“Doctor, my hair is thin and falling out. What should I do?”
I can’t count the number of times I’ve heard this complaint from patients. There are many reasons for unhealthy hair: hormone imbalances, inadequate nutrition, lack of key minerals necessary for vibrant hair, smoking, and stress are the most common.
Changes in skin and hair provide clues to underlying vitamin deficiencies. Since hair and skin reflect the overall condition of the body, I take a close look when my patients complain about thinning hair.
What Hair is Made Of
Knowing what hair is made of helps guide food and nutrients choices for strong hair. It also helps maintain skin and nail health.
Hair is an outgrowth of filamentous (“hair-like”) cells made of keratin that grow from follicles found in the dermis—that biologically active layer of the skin. Keratins are structural proteins. Nails and the outer layer of skin are also made by keratin. Human hair also includes the pigment melanin that is responsible for hair color, fats, and small quantities of vitamins and traces of minerals like zinc. Hair also contains 10–15 % water, which helps maintain moisture and balances its biochemistry.
Step One: Consume More Protein, Oils, and Water
To have strong hair, you need strong keratin. Start by getting enough protein and healthy fats and oils. Protein-rich meals are important because protein assists in the production of keratin. If you’re not vegan or vegetarian, eat lean meats, poultry, and fish to help build up keratin. Low-fat dairy products have essential amino acids that boost keratin production. Try cottage cheese and Greek yogurt for added keratin development. High-protein sources not derived from meat including beans, almonds, and walnuts can also increase keratin production. Take omega-3 fish oil or plant-based oils like flax or sacha inchi.

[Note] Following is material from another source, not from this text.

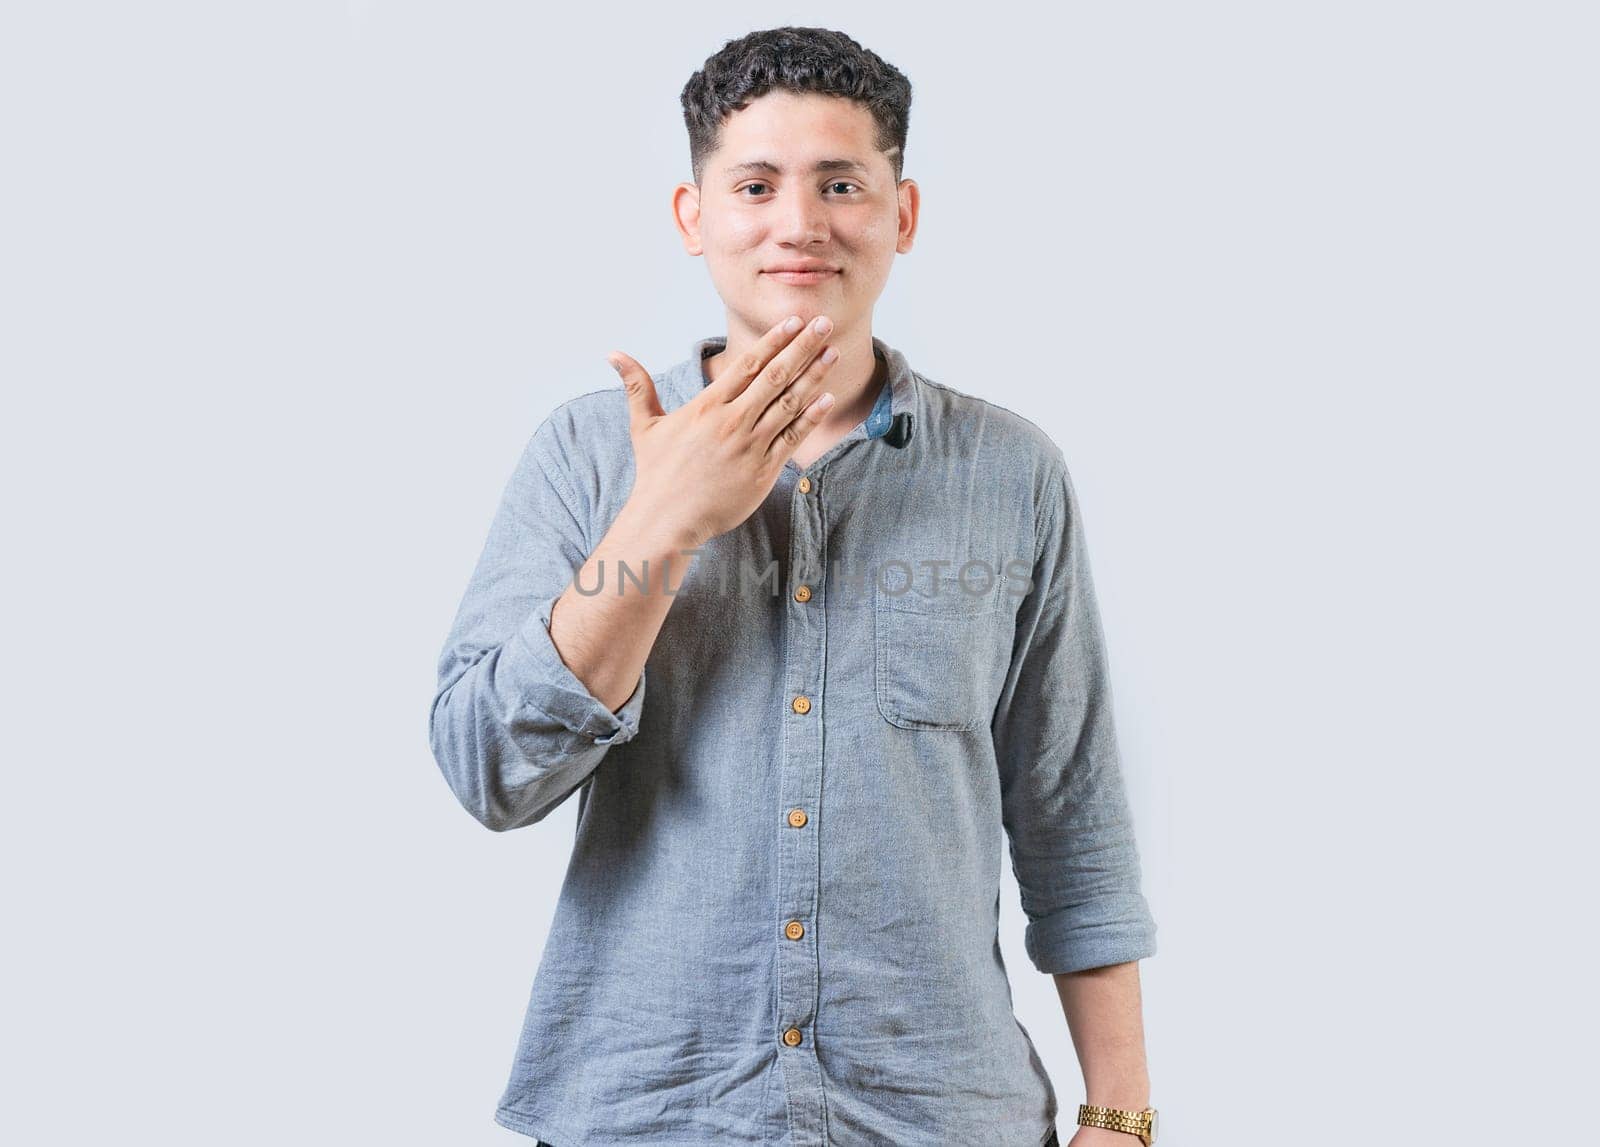 Man making THANK YOU gesture in sign language isolated. People showing THANK YOU gesture in sign language. Non-verbal communication concept by isaiphoto

Step 2: Eat Plants To Support Hair Repair
Vitamin C is a building block for keratin, so citrus fruits, peppers, chilies, and Brussels sprouts—fruits high in vitamin C—can increase the development of keratin. Biotin plays a role in metabolizing proteins, so it supports keratin production. Eat biotin-rich vegetables like cauliflower, kale, broccoli, and onions to improve the properties of keratin in the body. Beta-carotene rich foods also count when improving hair. Carrots, cantaloupe, sweet potatoes and yams, mangoes, pumpkin, and apricots are all good sources of beta-carotene. Whole grains are also good food sources that support the generation of keratin.
Ten Foods For Healthy Hair
- Wild Caught Salmon
- Greek Yogurt
- Wild Blueberries
- Free Range Organic Poultry
- Sweet Potatoes
Step 3: Take Supplements For Hair Repair
Healthy hair growth requires a complex of nutrients, a ready supply of oxygen, and adequate water. When diet is not enough to stop hair from falling out, turn to supplements for faster results. Certain vitamins, minerals and amino acids are crucial to the metabolic pathways involved in keratin protein metabolism. Lack of key nutrients can lead to poor hair health.
Check your vitamin B levels. Thiamin (vitamin B1), riboflavin (B2), and niacin (B3) nourish hair-follicle cells. Pantothenic acid (B5) gives hair flexibility, strength and shine, and helps prevent hair loss and greying. Pyridoxal phosphate (B6) helps prevent dandruff. And vitamin B12 prevents hair loss. Biotin is another nutrient associated with hair loss. Low folic acid levels may contribute to decreased hair-follicle cell division and growth. However, plant-based eaters always have high levels of folic acid when their blood is tested for this important nutrient.
One of vitamin C’s functions is to help build healthy collagen, the connective tissue found within hair follicles and skin. Vitamin E helps maintain the integrity of cell membranes in hair follicles. Beta-carotene is important for hair growth because it converts to vitamin A as the body needs it, helping maintain normal growth and bone development, and promoting healthy skin, nails, and hair.
Minerals are also necessary for hair health, including calcium, magnesium, and sulfur. Zinc, iron, and silica are essential nutrients for healthy hair.
Ten Supplements for Healthy Hair
- Omega-3 and -6
- Vitamin B12
- Vitamin B5
- Vitamin B6
- Vitamin C
Step 4: Balance Hormones for Super Healthy Hair
Low thyroid gland function is associated with thinning hair and coarse skin. If dietary changes and taking supplements doesn’t improve your hair, get your thyroid hormones tested. The adrenal hormone cortisol rises with stress. Too much of it causes hair loss. As you age, lower estrogen in women can lead to thin lifeless hair. And, in men, too much of the wrong kind of testosterone, called dihyrotestosterone, is associated with balding. If you suspect hormone deficiencies, or excesses, get tested and work with you doctor to restore hormone balance.
For vibrant thriving hair at any age, consume enough protein, get abundant plant-based nutrients, and take nutritional supplements that support hair health. Hydrate with plenty of pure water. And, get your hormone levels tested.